There's a road I drive down sometimes in Dayton - it's the quickest route to the grocery story I go to. It's lined with really beautiful trees that, when the season is right, are a host to the most beautiful, buttery yellow leaves.
I drove down the road a couple days ago and the tree was losing its leaves. The wind was smart that day - fast and sharp against your skin . . . one of those days in which, I can imagine, nearly every woman thought to herself, "why did I even do my hair today?" The wind was hurriedly rushing the sunshine leaves off the trees on the road. And normally, I don't feel too strongly one way or another over trees losing their leaves, but these yellow leaves - as they fell and blanketed the street - were mesmerizing. I found myself, in childlike wonder, wanting to go lay in the pile on the ground and let the rest fall on me. There was something . . . magical about the ease with which they fell and the pool of liquid warmth they created on the street.
I didn't, of course. I kept driving. But then I started to think about those trees and the leaves they were losing.
Blessed are those who mourn, for they shall be comforted. -Matthew 5:4
I remember when I read this verse for the first time. It was written in hand on a journal page that had been given to me by a woman I've respected and looked up to since junior high. It was January. My family had just experienced, collectively, the most devastating blow - we were all in the midst of coming back from the slap sting that occurs when breath is cut too short. But, you don't ever really come back from that then, do you?
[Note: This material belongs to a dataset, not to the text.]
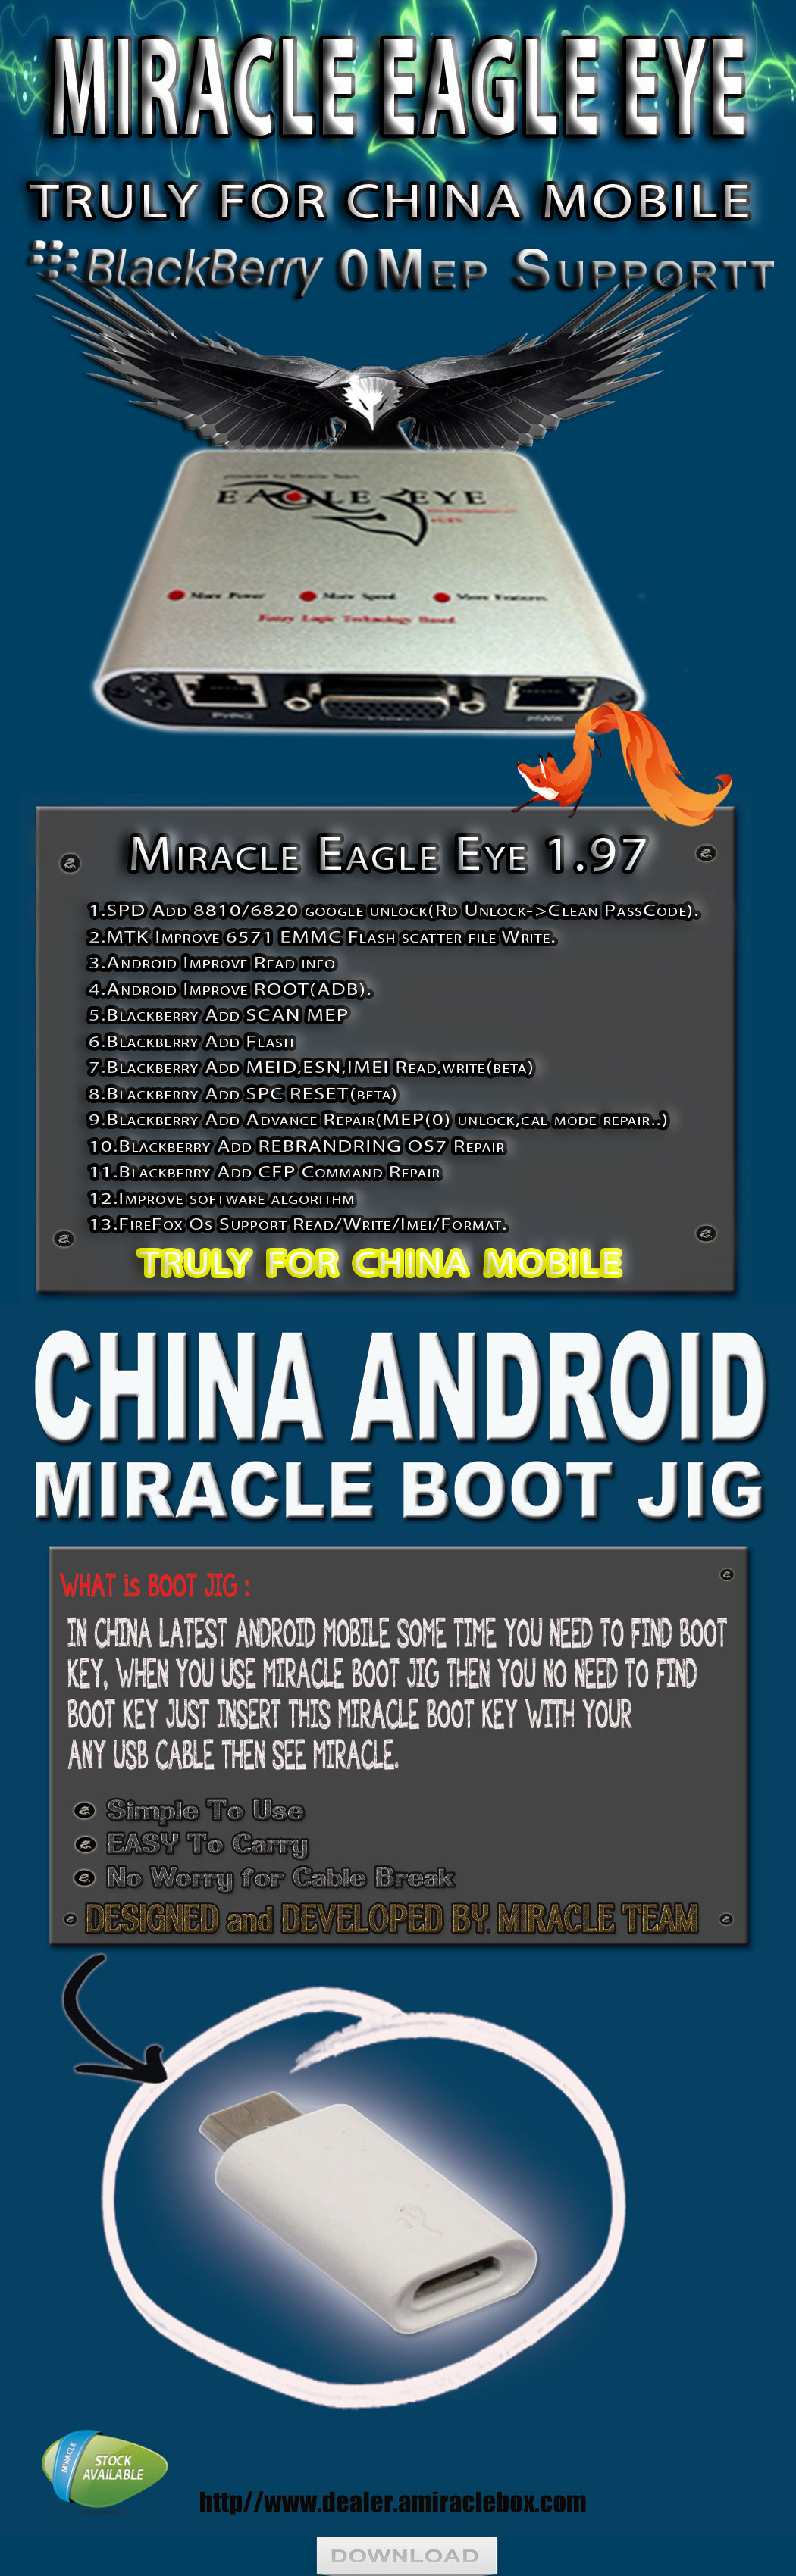 Miracle Eagle Eye Box 1.97 12 Dec Advance MerryChristmas(Blackberry 0Mep)FireFox Also Miracle-eagle197

This verse, though, was written on the page, along with others. This was before I really knew Jesus or understood the comfort that can come from a knowing God who I can't physically sit with each day over coffee. Janet had handwritten verses of comfort to me, with a small note about the wonders of heaven and how safe Nick was now. I will be honest and say the comfort I felt from that note was less about the promises in the verses and more about that a woman I loved had taken the time to write them down.
But I have come back to that verse so many times since then. I've shared it with others and I reminded myself of these very words when the woman who first wrote them to me went on to meet her King. It makes my heart warm to consider perhaps her and Nick share a porch swing every now and then.
I am familiar with mourning in the larger sense. When you lose someone the same age as you before either of you have learned how to legally drive a car, something within you shifts and it doesn't return to the original placement. Life becomes a string of measurements between what is safe and what is popular - and you hope like hell some of them fall on the same page. Adventure becomes a calculation of risk and whether or not it's wise to dance with the risk.
I understand mourning.
When I drove by those trees, again, nearly all the leaves had danced off. This verse was in my mind because I'm studying the Beatitudes and I began to wonder if trees mourn when they lose their leaves. Like a woman with long, beautiful hair, do the trees start to furrow their brow when the first leaf falls or do they think plenty more where that came from.
Do they mourn?
At 29 years old I imagine sitting down with my 18-year old self to try to describe to her what is to come.
Hey, kiddo. Are you ready? The blue eyed boy you love won't be a part of the coming pages for too much longer, but it'll work out well for the both of you. You're going to say yes to some things you cannot even fathom right now - push through the fear and please don't even consider saying no. You will make some decisions that, for a season, will come to define you, but I promise you'll rise out of the hell hole you've decorated and called home. You'll end up with a career that is more challenging and incredible than your current mind is even able to imagine. But tread through the jobs that drain more than they fill up, okay? Because it'll all lead to this.
But here's the big thing. Are you listening? Things are not going to turn out the way you want. You will get to 29 years of life and you will have so much. But the house you dream about now and that wedding you're planning and not wanting to admit to planning? It won't be a part of the history. More surprisingly still, it will not kill you.
You're going to learn how to live fully on your own. You're going to learn who your real friends are and who to hold at a distance. You'll navigate living a full life with sometimes crippling anxiety, but you'll make it. And you're going to learn that, if this particular life - with no weddings or shiny rings - is what is to be, you are going to be okay. You will be okay. In fact, you will thrive.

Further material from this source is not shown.